3GATA Haydarpaşa Eğitim Hastanesi, Göz Hastalıkları Kliniği, İstanbul, Prof. Dr. ÖZ
Floresans; bazı moleküllerin belli bir dalga boyundaki ışıkla uyarılması sonucunda daha uzun bir dalgaboyunda ışık yayması olarak tanımlanmaktadır. Otofloresans ise herhangi bir boya verilmeksizin gözdeki yapılardan floresan ışık yayılımı olarak tanımlanabilir. Gözdibinde otofloresans özelliği olan moleküllerin bulunması nedeniyle filtreler yardımıyla boya verilmeden fundus görüntüleri elde edilebilir. Bu metoda fundus otofloresans görüntülemesi denmektedir. Fundus otofloresansı denilince genellikle fundusun 488 nm dalga boyundaki mavi ışık ile uyarılmasına dayanan ve lipofusinden kaynaklanan görüntüleme yöntemi anlaşılmaktadır. Kızılötesi fundus otofloresansı (K-AF) ise gözdibinin 787 nm dalgaboyundaki kızılötesi ışıkla uyarılması ve yayılan ışının 810 nm ve üzerini filtreleyecek şekilde görüntülenmesi ile elde edilir. Retina pigment epiteli ve koroiddeki melanin, kızılötesi fundus otofloresansı görüntülemede otofloresans gösteren başlıca florofordur. Bu çalışmada, farklı herediter retina hastalıklarında K-AF bulguları sunulmaktadır.
GİRİŞ
Floresans; bazı moleküllerin belli bir dalga boyundaki ışıkla uyarılması sonucunda daha uzun bir dalgaboyunda ışık yayması olarak tanımlanmaktadır. Otofloresans ise herhangi bir boya verilmeksizin gözdeki yapılardan floresan ışık yayılımı olarak tanımlanabilir. Gözdibinde otofloresans özelliği olan moleküllerin (florofor) bulunması nedeniyle filtreler yardımıyla boya verilmeden fundus görüntüleri elde edilebilir. Bu metoda fundus otofloresans görüntülemesi denmektedir ve gözdibi görüntülenmesinde yeni sayılabilecek bir metod olarak son yıllarda kullanıma girmiştir.[1,2] Fundus otofloresansı denilince genellikle fundusun 488 nm dalga boyundaki mavi ışık ile uyarılmasına dayanan görüntüleme yöntemi anlaşılmaktadır (fundus autofluorescence/FAF, kısa dalgaboyu otofloresans/shortwave autofluorescence/ SW-AF, mavi ışık otofloresansı, AF488, lipofusin-ilintili otofloresans/ lipofuscin- related fluorescence). Lipofusin, 488 nm dalga boyundaki ışık ile elde edilen otofloresansın ana kaynağıdır. Retina pigment epitelindeki (RPE) lipofusin asıl olarak fotoreseptör dış segmentlerinin tam olmayan yıkımı sonucu oluşur.[3]

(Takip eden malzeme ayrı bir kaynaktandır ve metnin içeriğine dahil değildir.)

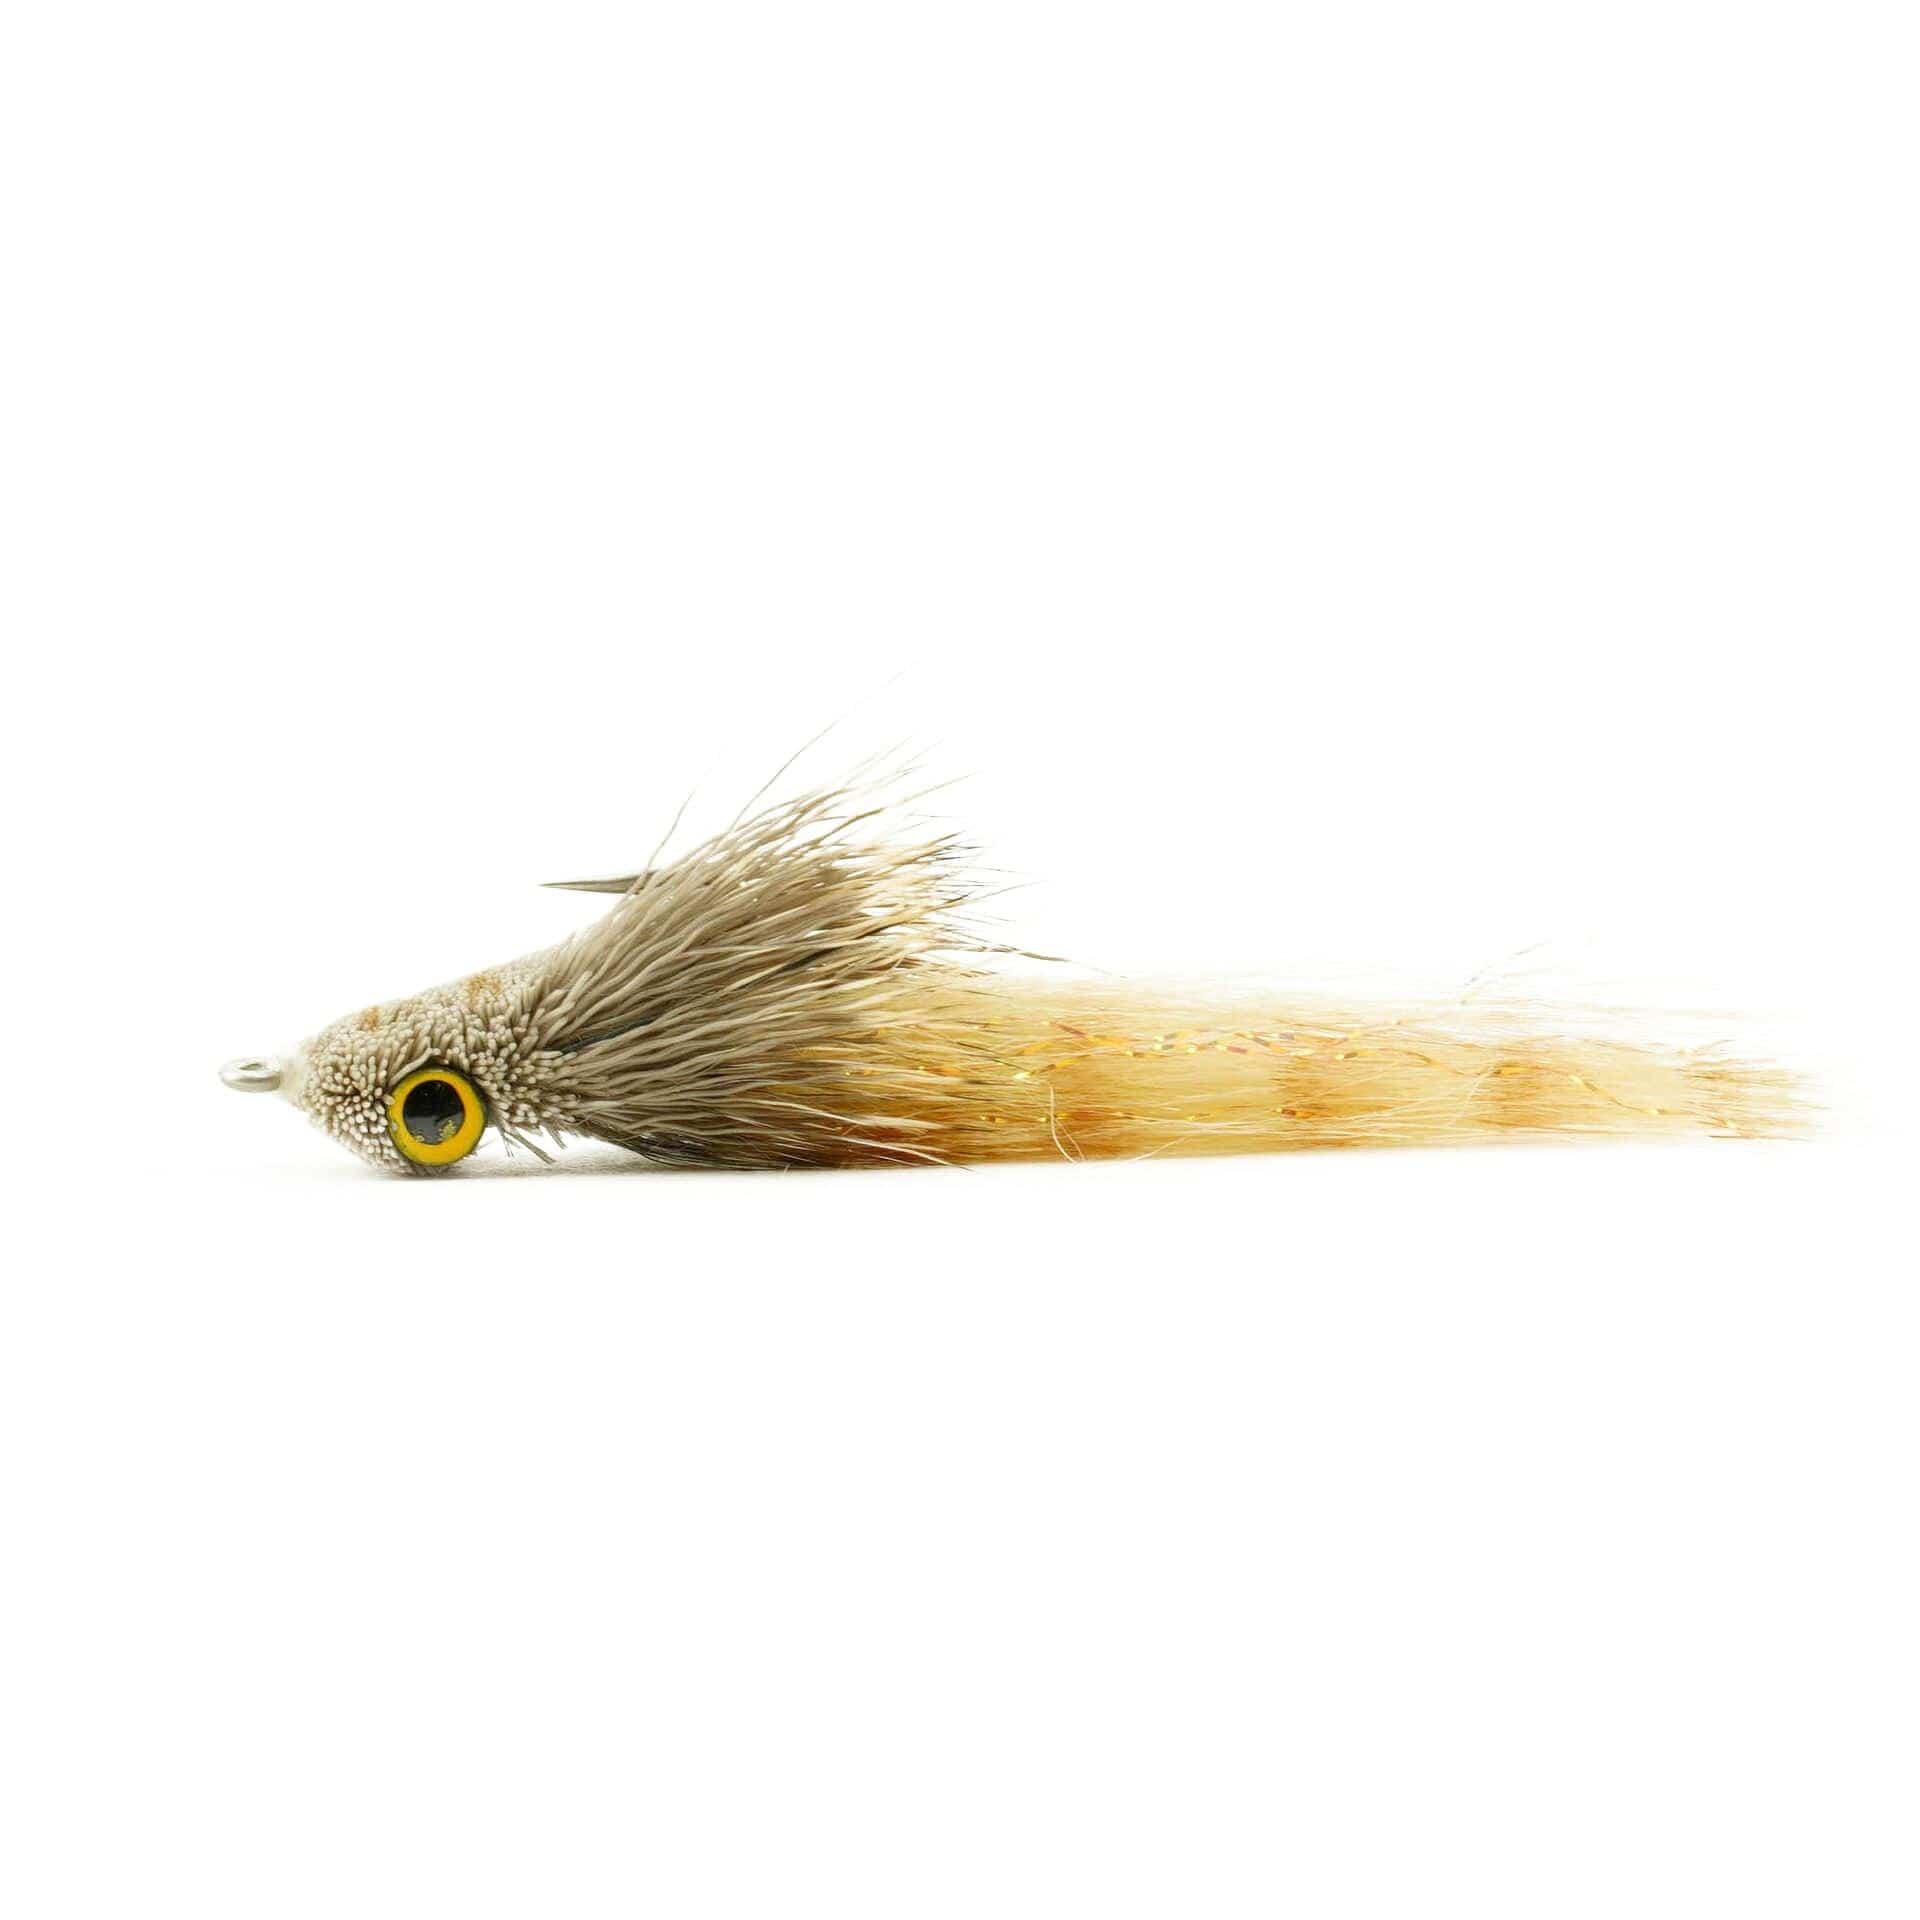 Fly Fishing Tagged saltwater fly - The Saltwater Edge

Kızılötesi fundus otofloresansı (near infrared autofluorescence/ NIR-AF, melanin-ilintili otofloresans/melaninrelated autofluorescence, AF787 ) ise gözdibinin 787 nm dalgaboyundaki kızılötesi ışıkla uyarılması ve yayılan ışının 810 nm ve üzerini filtreleyecek (bariyer filtre) şekilde görüntülenmesi ile elde edilir. Literatürde ilk kez Piccolino ve ark tarafından rapor edilmiştir.[4] RPE ve koroiddeki melanin, kızılötesi fundus otofloresansı (K-AF) görüntülemede otofloresans gösteren başlıca florofordur. Melanin, gözde RPE ve koroidde yoğun bir şekilde bulunmaktadır. Koroid kaynaklı melaninin K-AF görüntülemeye katkısı RPE’ye göre daha azdır ve K-AF ’ın asıl kaynağının RPE’deki melanin olduğu Keilhauer ve Delori tarafından gösterilmiştir.[5] Bu nedenle K-AF’daki değişiklikler oftalmoskopik olarak net görülemeyen RPE değişikliklerinin görüntülenmesine yardımcı olabilmektedir.

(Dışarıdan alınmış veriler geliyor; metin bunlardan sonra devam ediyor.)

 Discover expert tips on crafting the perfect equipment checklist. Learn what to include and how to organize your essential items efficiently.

Otofloresans Görüntülemesi
Kızılötesi fundus otofloresansı görüntüleri için bir konfokal tarayıcı lazer oftalmoskop (HRA2, Heidelberg Retina Angiograph 2, Heidelberg, Almanya) kullanıldı. Kliniğimizde floresein anjiyografi öncesinde gözdibinin FAF (AF488) ve K-AF (AF787) görüntüleri standart olarak kayıt edilmektedir. Cihaz, K-AF için uyarıcı ışık olarak 787 nm dalga boyundaki diod lazer kullanmaktadır. İndosiyanin yeşili anjiyografisinde olduğu gibi bariyer filtre 810 nm ve üzerindeki dalgaboyunun geçişine izin vermektedir. Tüm olgularda %1 lik tropikamid damla ile pupilla dilatasyonu takiben cihazın kızılötesi modunda fundus net bir şekilde odaklandıktan sonra indosiyanin yeşili anjiyografi modunda boya verilmeksizin K-AF görüntüleri kaydedildi. Her gözden birkaç saniye süresinde 32 seri fotoğraf kaydedilip cihazın ortalama fonksiyonu kullanılarak gürültü oranı düşük yüksek kontrastlı fotoğraflar elde edildi.
Kısa dalgaboyu otofloresans için uyarıcı ışık olarak 488 nm dalga boyundaki argon mavisi lazeri kullanmakta ve bariyer filtresi 500 nm ve üstündeki dalga boylarınının geçişine izin vermektedir. Cihazın kızılötesi modunda gözdibi net bir şekilde odaklandıktan sonra floresein anjiyografi modunda floresein verilmeksizin FAF görüntüleri kaydedilmiştir. Her gözden 32 seri fotoğraf kaydedilip cihazın ortalama fonksiyonu kullanılarak gürültü oranı düşük fotoğraflar elde edilmiştir.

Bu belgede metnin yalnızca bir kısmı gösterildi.